Moreover, if a rapid “spend-down” is not feasible due to the circumstances of the disabled plaintiff, a Special Needs Trust still can be used, as many drafters of such Trusts (the author included) will draft such Trusts at reduced fees for smaller settlements; I have even created Special Needs Trusts for a small fee in unique circumstances for settlements under $10,000.00 where no reasonable alternative existed.
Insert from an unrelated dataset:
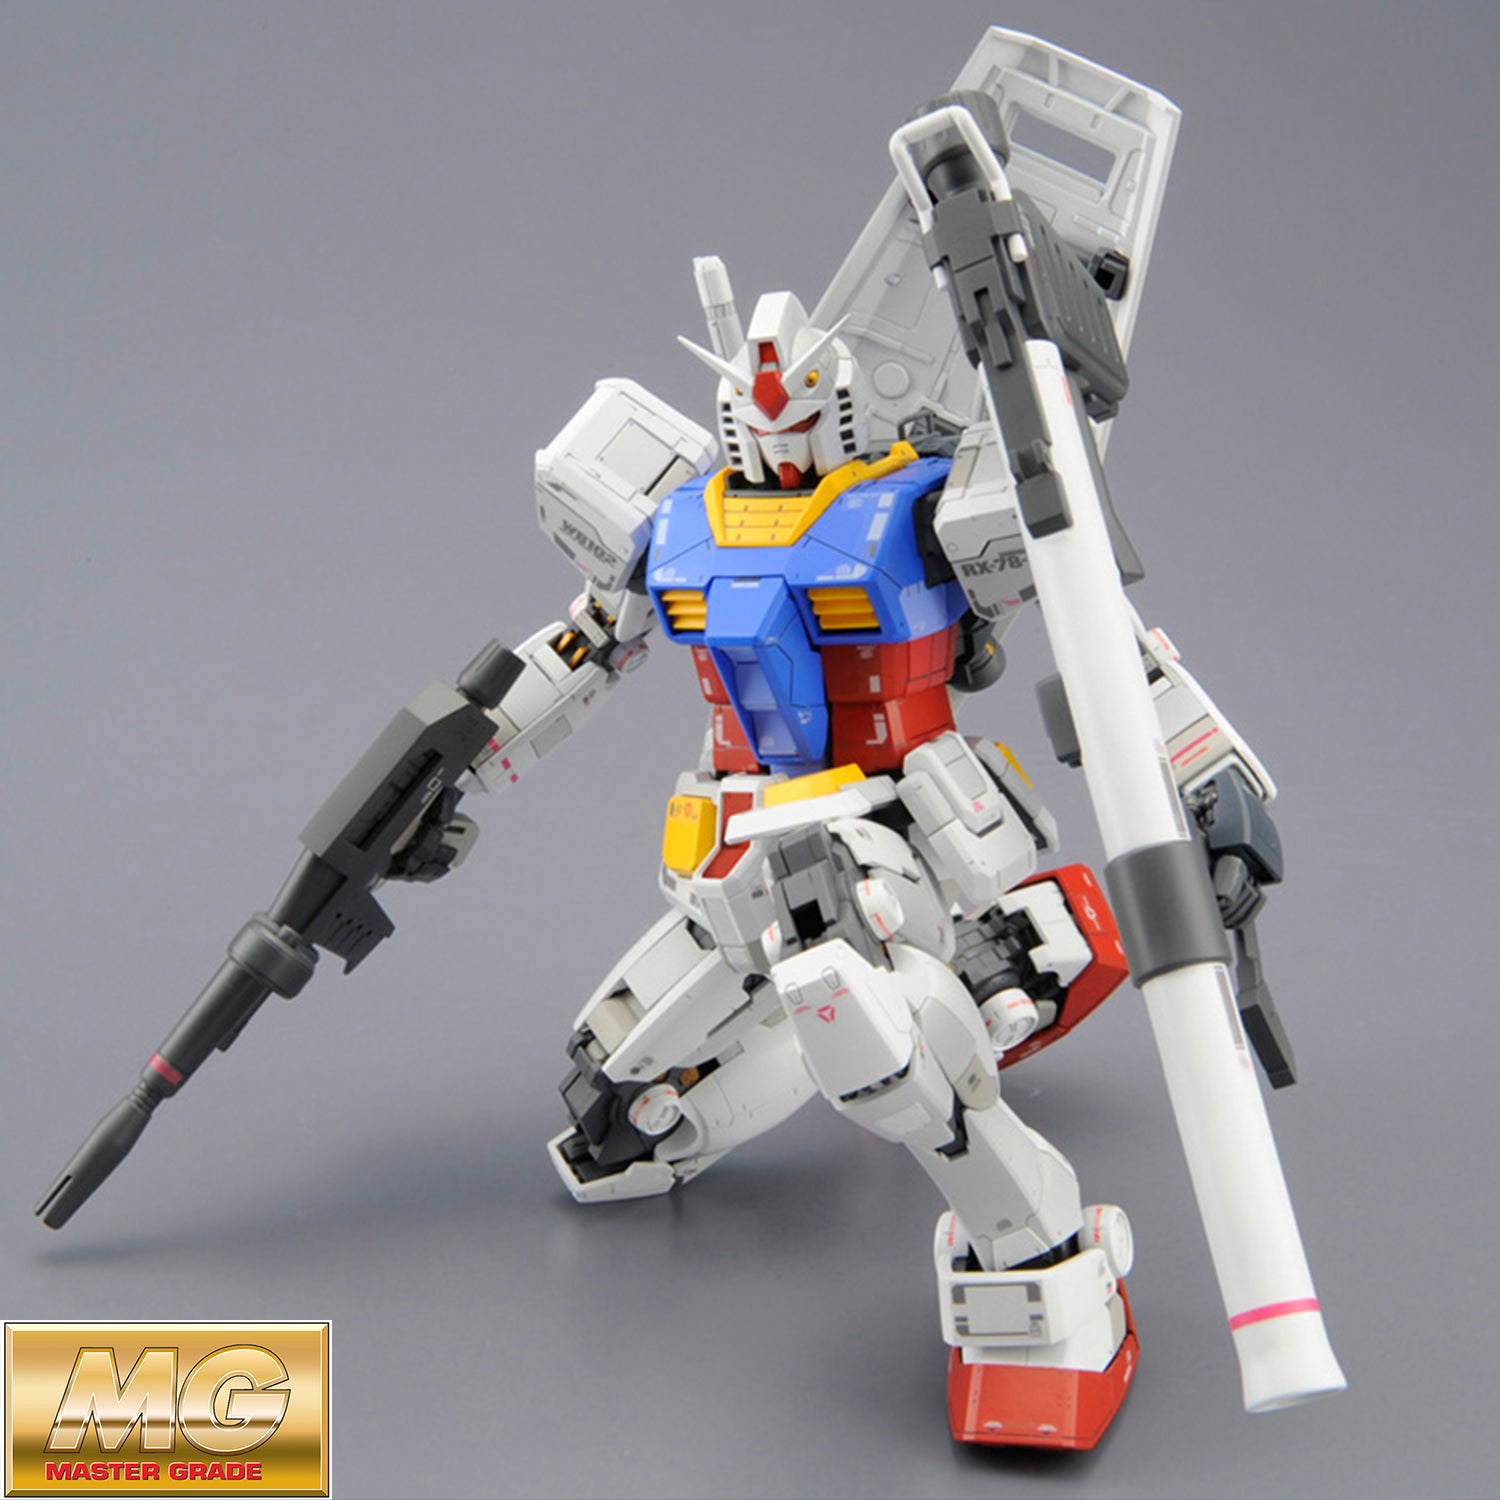 Bandai Hobby Gundam Rx 78 2 Gundam Ver 1 5 Mg 1 100 Scale Gundam Toys Hobbies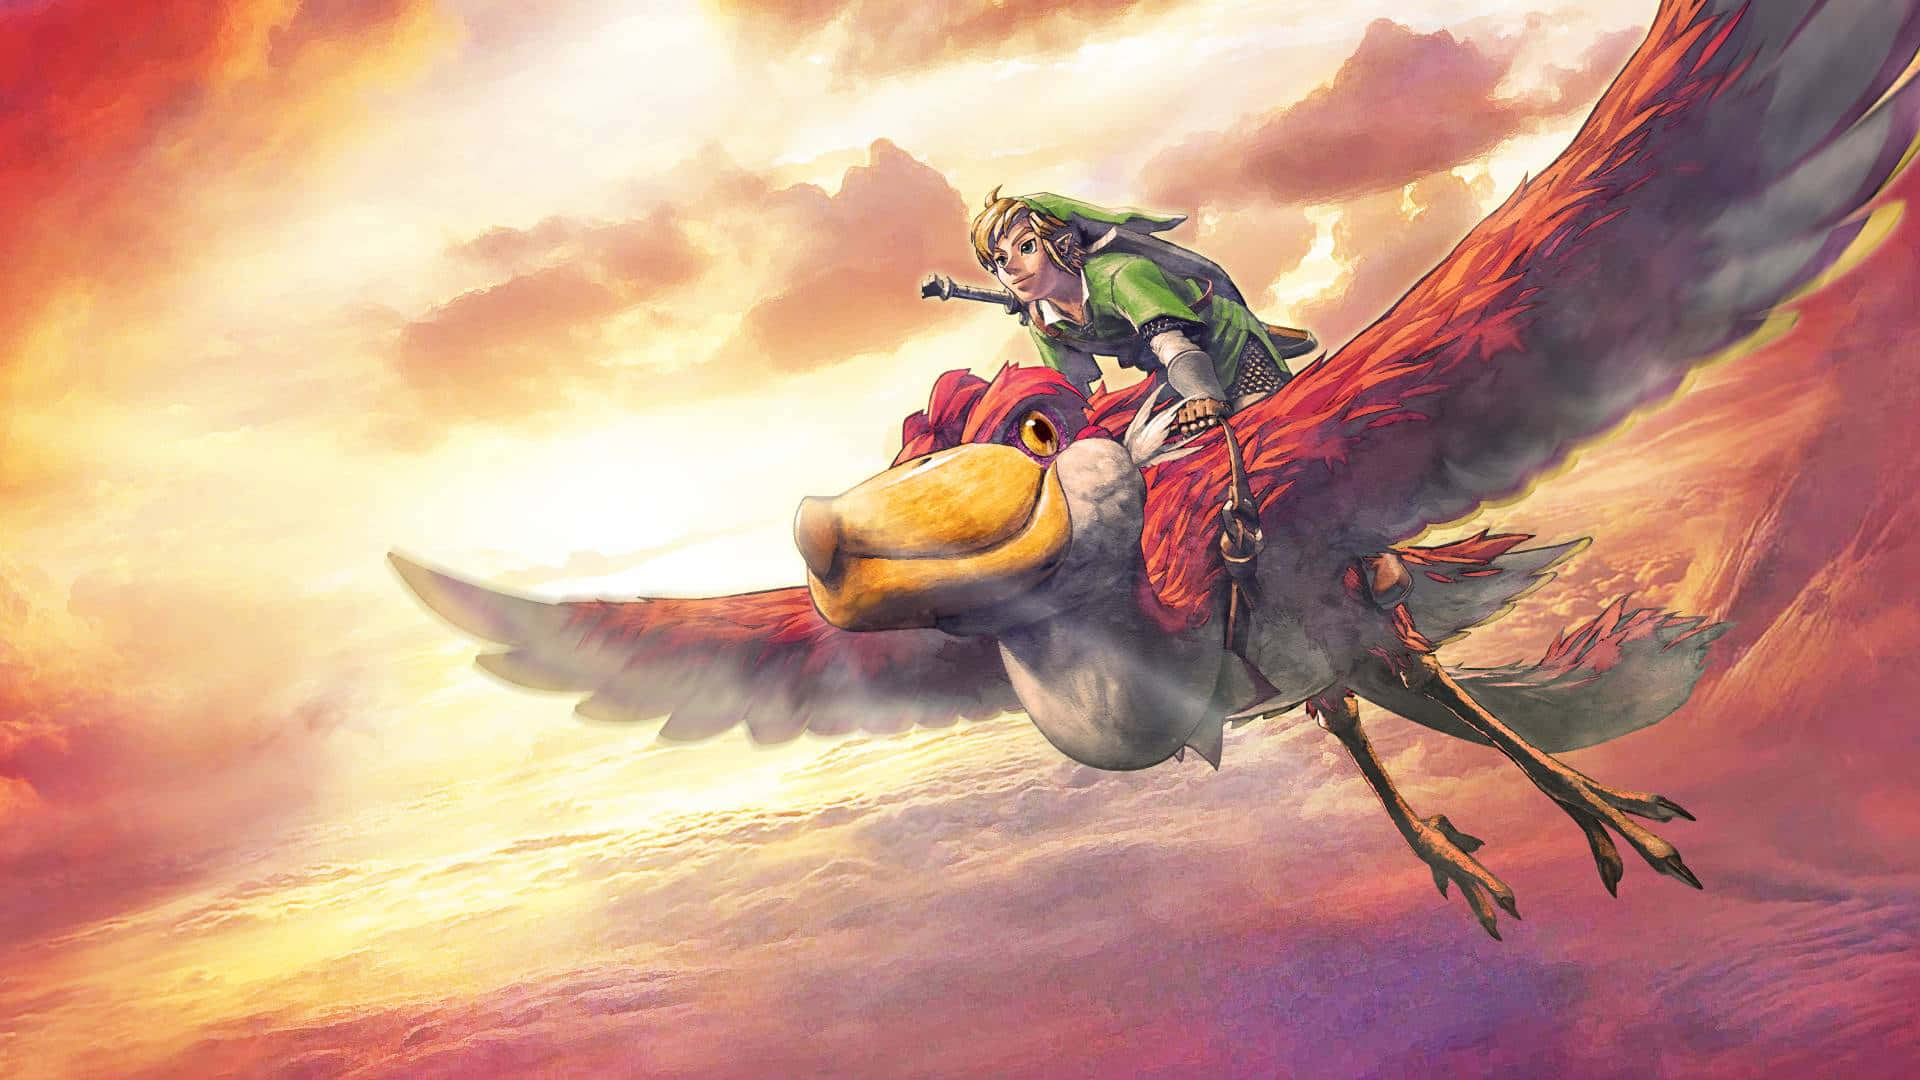 The Legend of Zelda: Skyward Sword Action Adventure Scene Wallpaper

Finally, some local disability organizations maintain “Pooled” Trusts which will accept smaller settlements; the only disadvantages to such Pooled Trusts are (1) the “one-size-fits-all” Master Trust Agreements which are used by such organizations and (2) the inability to identify a contingent beneficiary for any residuary left after the death of the beneficiary, as Pooled Trusts generally require any remaining proceeds to remain in the Trust for the benefit of other disabled beneficiaries.
We never recommend to individuals to allow themselves to be disqualified for public benefits and to simply reapply in the future. Such individuals almost never are able to purchase health insurance in the open market, and therefore would be left without health insurance until they spent the money down below the $2,000.00 limit for public benefits. The requalification process can be burdensome and time-consuming. It is simply never necessary to disqualify disabled individuals for the public benefits of Medical Assistance and SSI.
7. “Rather than continuing to accept Medical Assistance, the client will pay for health insurance or for health services out of pocket from the settlement proceeds.”
Most individuals who have received Medical Assistance in the past are disabled to the point that no private health insurer will cover that individual. Most Medical Assistance recipients are also unable to access any group plan due to an inability to work, age or other disqualifying circumstance. Moreover, the costs of “private pay” health services are generally astronomical- -four to ten times the rates paid by private insurers or the Medical Assistance program. Only the most highly funded Special Needs Trust can withstand private payment of health costs on any extended or regular basis.